1975年12月14日の日曜日、ローレル&ハーディのレコード「The Trail Of The Lonesome Pine」はヒット・チャートの2位まで上昇。コメディ界のスターによるチャート首位獲得を阻んだのは、クイーンの「Bohemian Rhapsody」で、この記録的な大ヒット曲は実に9週間に亘って1位のポジションを維持し続けた。

しかし1937年のコメディ映画『宝の山』に使用された劇中歌であった「The Trail Of The Lonesome Pine」が、いかにして20世紀を代表するバンドによるロック・ミュージックの歴史に残る名曲に戦いを挑むことになり得たのだろうか。この奇妙な物語の鍵はラジオ番組のDJ、ジョン・ピールの力にあった。

 

ハリウッド喜劇の黄金期

1970年代半ばごろ、ローレル&ハーディの映画はBBCテレビで頻繁に放送されていた。モノクロの長編映画『宝の山』も1974年のクリスマスにBBC 1で放送され、数百万の視聴者がそれを茶の間で楽しんだ。そこであるレコード会社が、『The Golden Age Of Hollywood Comedy』というアルバムの発売を決めたのだった。

アビー・ロード・スタジオでマスタリングされた『The Golden Age Of Hollywood Comedy』には、ローレル&ハーディのトラックも多く収録された。ユナイテッド・アーティスツは自社のプロモーション担当者に、BBCを利用してアルバムから選んだシングルをオン・エアしてもらうように命じた。そのプロモーション部門の代表というのは、かつて海軍に籍を置いた愉快な男で、奇抜なカツラで有名な、まるでローレル&ハーディの映画に出てくるような人物だった。「聞いてください、すばらしいニュースがあるんです」彼はユナイテッド・アーティスツの役員、アラン・ワーナーにそう言った。ジョン・ピールというBBCのDJが「The Trail Of The Lonesome Pine」をいたく気に入り、オン・エアを約束してくれた。それが話の要旨だった。

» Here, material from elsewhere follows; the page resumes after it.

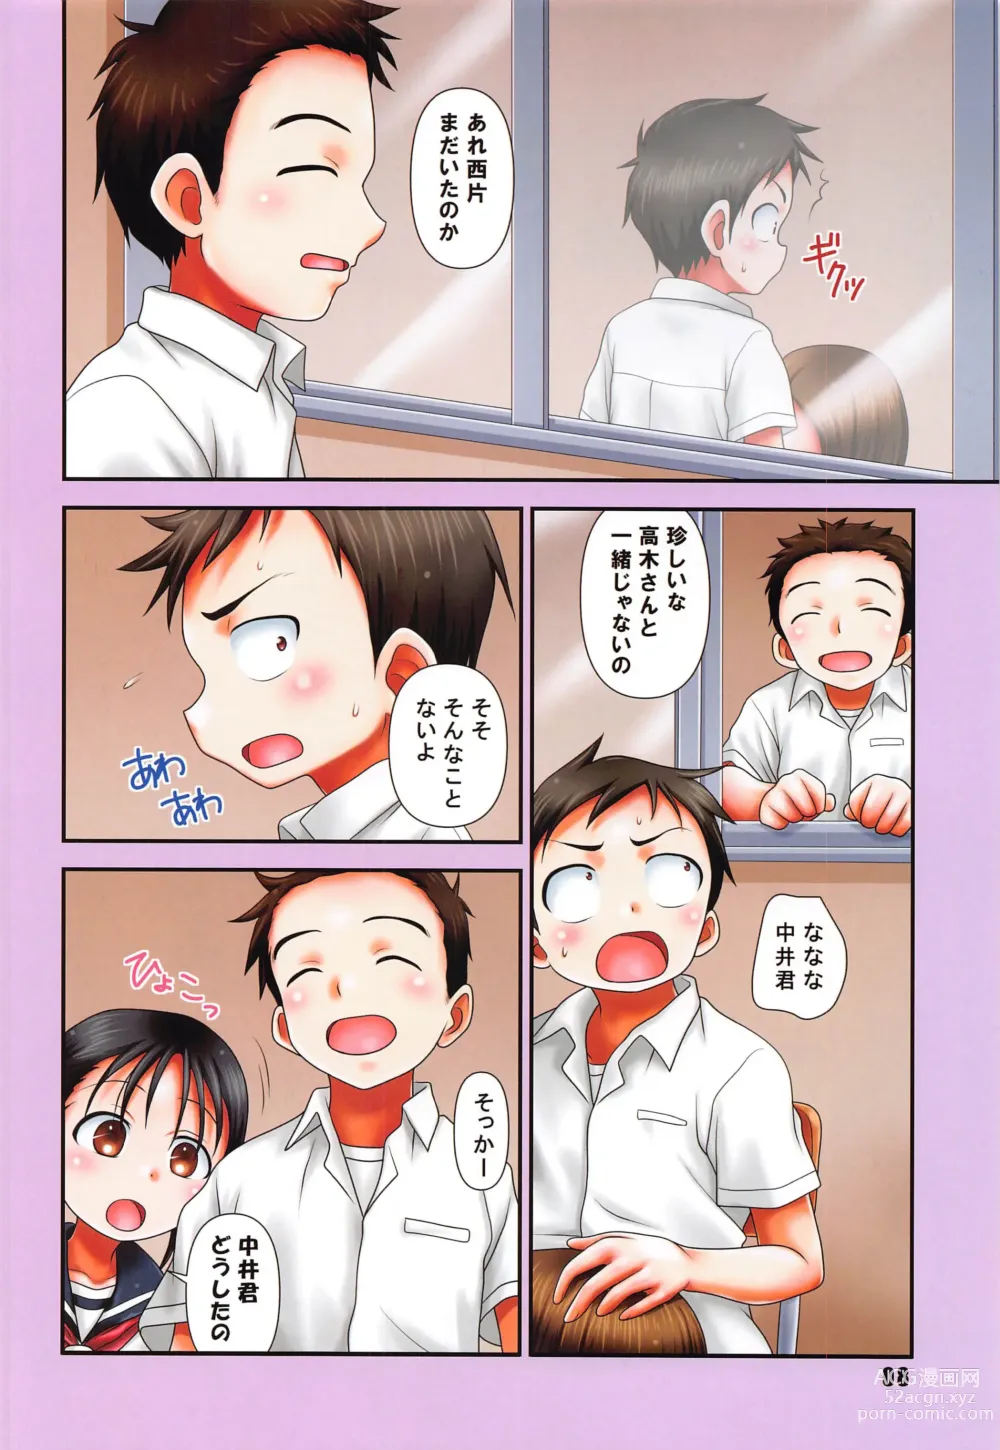 Page 7 of doujinshi GARNET color edition

実際、ジョン・ピールは「The Trail Of The Lonesome Pine」という劇中歌をとても気に入っていた。1975年の秋、ピールは自身がホストを務めるBBCラジオ1の人気番組で「The Trail Of The Lonesome Pine」を7日間に亘って連日流し続けたのである(彼は「The Trail Of The Lonesome Pine」のカップリング・トラック「Honolulu Baby」までオン・エアしている)。そしてこの猛烈なプッシュが、「The Trail Of The Lonesome Pine」の全英シングル・チャートのランク・インに繋がったのである。しかも同曲は、ジョン・レノンの「Imagine」やボブ・マーリーの「No Woman No Cry」と並んで、ピールが選ぶ1975年のベスト15シングルにも入っている。1998年にピールが音楽フェス「Meltdown festival」のキュレーターを務めた際には、オランダのリバイバル・グループ、ボー・ハンクスにローレル&ハーディの出演作の映画音楽を演奏させている。

 

「オリー・ハーディはもっと利口になるべきだ」

音楽業界のローレル&ハーディのファンは、もとよりジョン・ピールひとりだけではなかった。このコンビはザ・ビートルズの『Sgt Pepper’s Lonely Hearts Club Band』あのアルバム・カヴァーにも登場しているし、シンガー・ソング・ライターのハリー・ニルソンは、頭をかきむしるローレルの真似をして友人だったジョン・レノンを笑わせていた。また、1974年にウィングスがリリースした「Junior’s Farm」の中で、ポール・マッカートニーは「Olly Hardy should have had more sense / オリー・ハーディはもっと利口にならなきゃいけない」と歌ってもいる。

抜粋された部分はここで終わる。